Глория подняла голову и задумалась.
— Что именно?
— Я не знаю. Он позвонил, чтобы пригласить меня на ужин, и сказал, что сегодня будет особое блюдо.
— Не лососина? Твои молитвы услышаны.
— И не только это. Голос у него звучал как-то странно.
— Ну, я заметила, что он тщательнее причесывает волосы. И представь себе, дважды я застукала его за тем, что он бегает трусцой по утрам.
— Отец? Мердок бегает трусцой? Я даже не знала, что у него есть кроссовки.
— Я сама была удивлена, — сказала Глория. — Может, ты знаешь, что с ним?
— Пожалуй, сегодня я попытаюсь это выяснить. — Я вернулась к работе и забыла об этом разговоре.
В семь часов, когда я припарковала машину к отцовскому дому, я заметила, что рядом с домом стоит еще одна машина. В этом не было ничего особенного. Отец часто обкатывал машины перед продажей. Странно было то, что отцовская машина тоже была на месте, а вторая — красный «хюндай» — из тех автомобилей, продажей которых отец никогда не занимался.
Из дома несло чесноком. Вот, решила я, в чем состоит сюрприз. Папа, должно быть, узнал, как готовят спагетти и сухарики с чесноком.
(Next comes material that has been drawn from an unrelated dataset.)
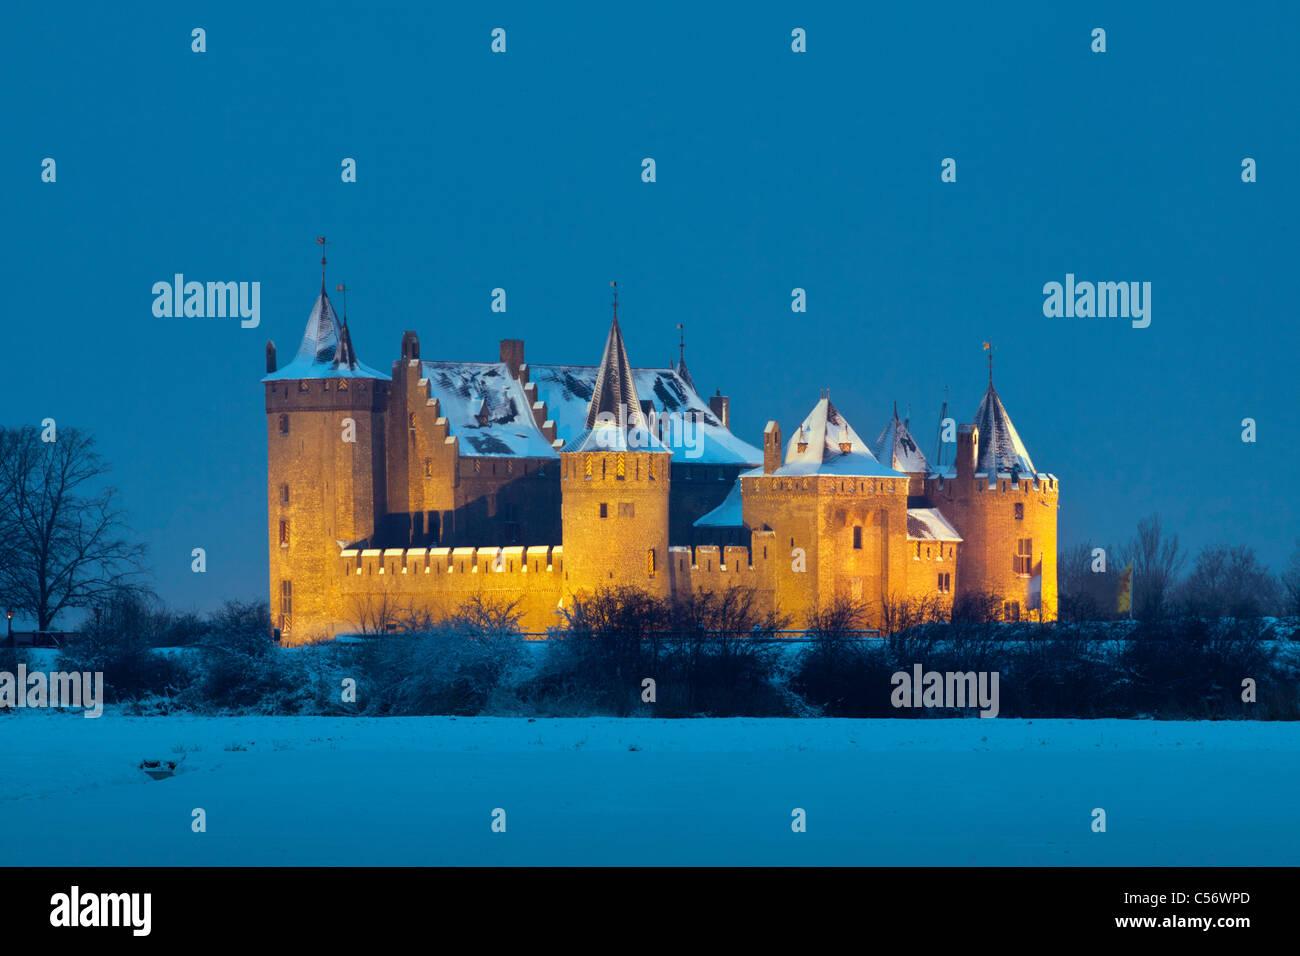 Niederlande, Muiden, Schloss Muiderslot genannt. Winter, Schnee. Stockbild

Я открыла дверь своим ключом и пошла на кухню. Отец стоял ко мне спиной — у плиты, с повязанным на поясе полотенцем. В руках у него была деревянная ложка, и он что-то помешивал на сковородке, стоящей на большом огне. Но на кухне он был не один. Миниатюрная женщина с длинной темной косой до талии стояла рядом с отцом и резала лук.
— Привет, — сказала я, на мгновение задумавшись, не ошиблась ли я домом.
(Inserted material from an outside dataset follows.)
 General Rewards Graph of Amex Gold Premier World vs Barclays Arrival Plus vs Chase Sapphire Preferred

— Кили, — сказал папа и положил ложку.
— Папа?
Женщина повернулась ко мне и застенчиво улыбнулась. Она была азиаткой, и на ней были очки и бледно-зеленый спортивный костюм. При более пристальном взгляде я заметила седую прядь в ее волосах. Морщин у нее на лице не было, а из косметики только бледно-розовая помада.
Папа положил ей руки на плечи, и я подумала, что сейчас упаду в обморок.
— Дочурка, — сказал отец, — это моя подруга, Серена. Серена, это моя девочка, Кили.
Серена протянула мне руку, заметила, что у нее все еще в руке нож, и засмеялась, прежде чем положить его на стол и вытереть руки полотенцем.
— Кили, — сказала она с отчетливым южным выговором, — так хорошо, что мы встретились. Надеюсь, вы не против того, что я оказалась на вашем семейном ужине? Ваш отец уверил меня, что в этом нет ничего страшного.
— О нет, — сказала я. — Я нисколько не возражаю. Приятно ужинать в компании.
Кто ты такая, черт возьми, и что ты делаешь на кухне моей мамы?
— На самом деле мы сегодня отведаем блюдо по рецепту Серены, — гордо сказал папа. — Креветки по-креольски.
Я предположила, что они делают что-то мелко нарубленное и быстро обжаренное. Из азиатской кухни.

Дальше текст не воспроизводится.